That’s why it’s critical today to start thinking about how digital assets can improve the lives of the majority of humanity.

Technology – such as blockchain, digital assets and Bitcoin in particular – could empower 6.5 billion people across the globe, supporting individuals, families and their community businesses to bring financial change at scale.

Scale matters because it’s how giant corporations become giants; they serve mass markets at prices mass consumers are willing to pay. That’s typically what we call an efficient market and for all its flaws, including bloated CEO pay, simplicity of scale has proven to be far better at distributing wealth than most of history’s political systems.

Imagine if it were possible to shift just some of that efficiency to small, local, emerging-market businesses and individuals.

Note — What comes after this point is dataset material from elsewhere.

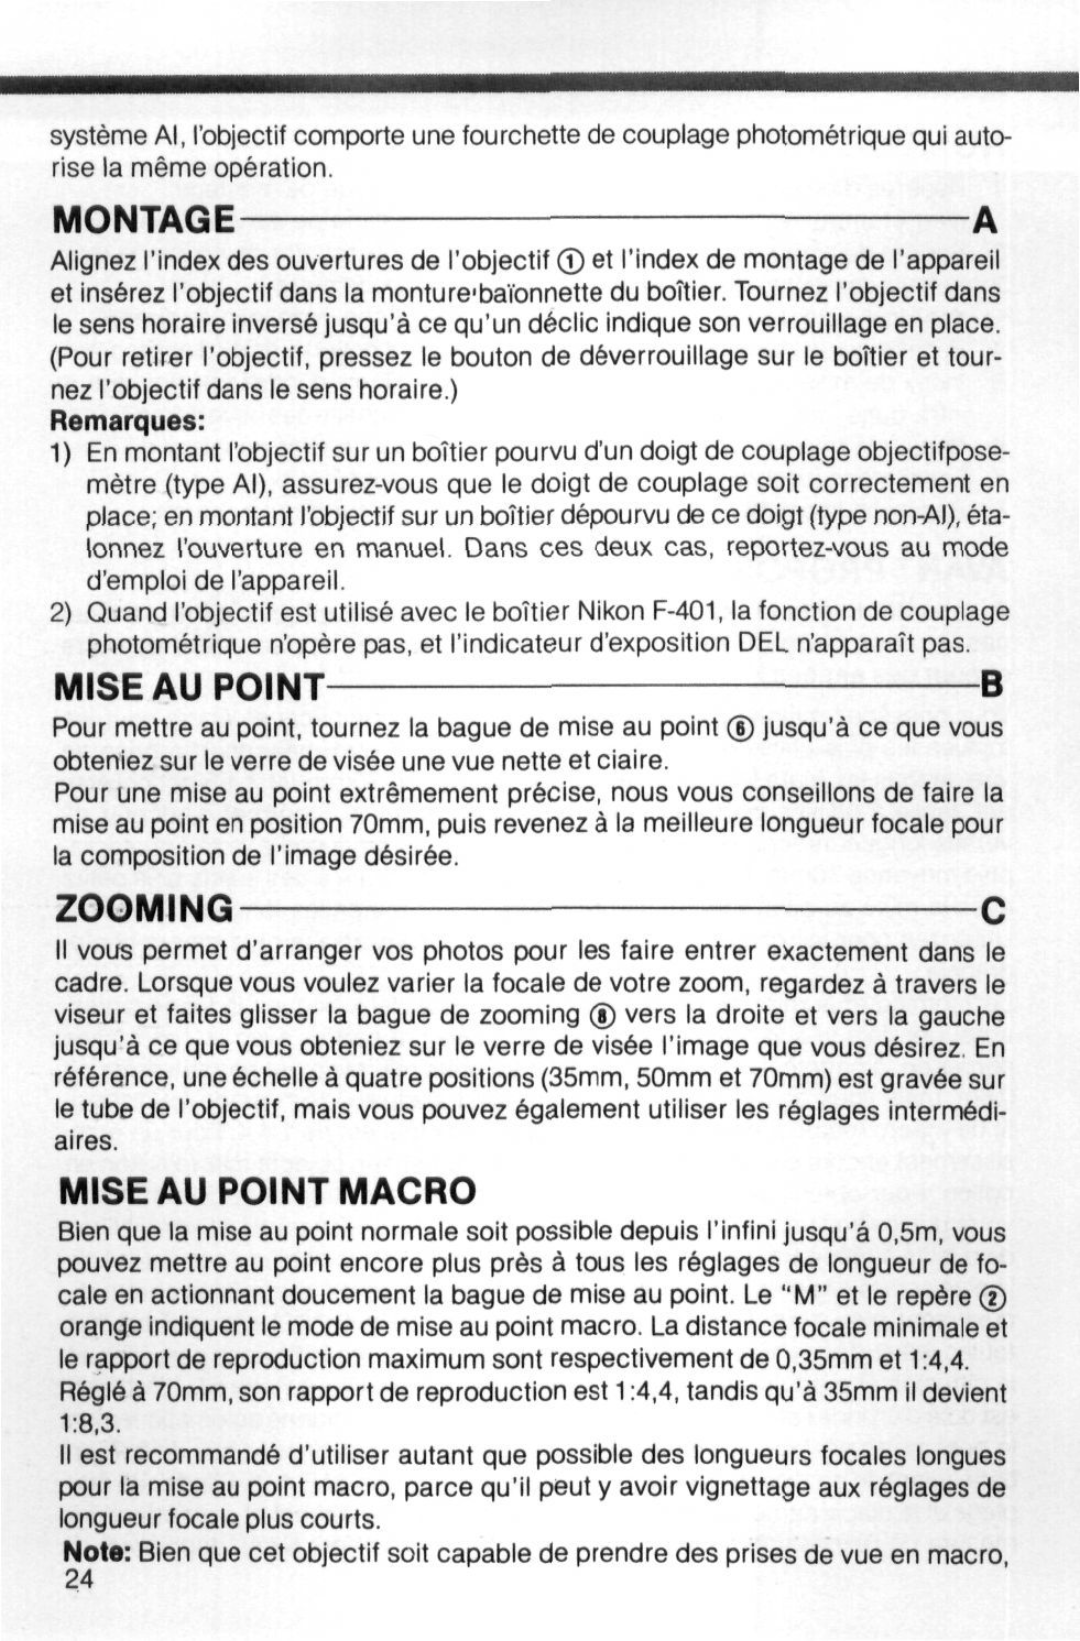 Nikon f instruction manual Montagea, Mise Au Point Macro, Zoomingc, Remarques

Digitalization of sales channels is one means of doing that. Digitalization of the unit of value – of money itself – is another.

When people say “digital disruption” those being disrupted are incumbent—often complacent—market players. For everybody else, it’s about simplification and lower costs.

Emerging-market consumers often lack the same access to financial systems that those of us living in developed markets take for granted. I have often complained about banks and banking systems that can be corrupt, dysfunctional or simply inefficient. No need to name all the scandals here; you’ve read about them at length. But billions of people around the world can’t even access that level of service.

I believe the 86 percent of the world living in emerging markets would benefit greatly from a secure and accessible way of managing money.

Is that a digital bank? Maybe. But why not build the ledger, transaction, borrowing and lending capabilities that banks provide directly into assets or currency itself? Assets that provide their own savings and checking features are a step up in financial efficiency because substantial and redundant costs associated with basic administrative functions are removed.

Banks are already trying to automate processes. If digital assets can automate further and move banks out of the picture, it could drive even greater cost reductions.

A blockchain, like Bitcoin, runs in a decentralized way with no single point of failure or unilateral intervention point. There’s no central banker to debase it. And that matters because, in many emerging markets, people can’t even trust their basic fiat currency to serve its purpose.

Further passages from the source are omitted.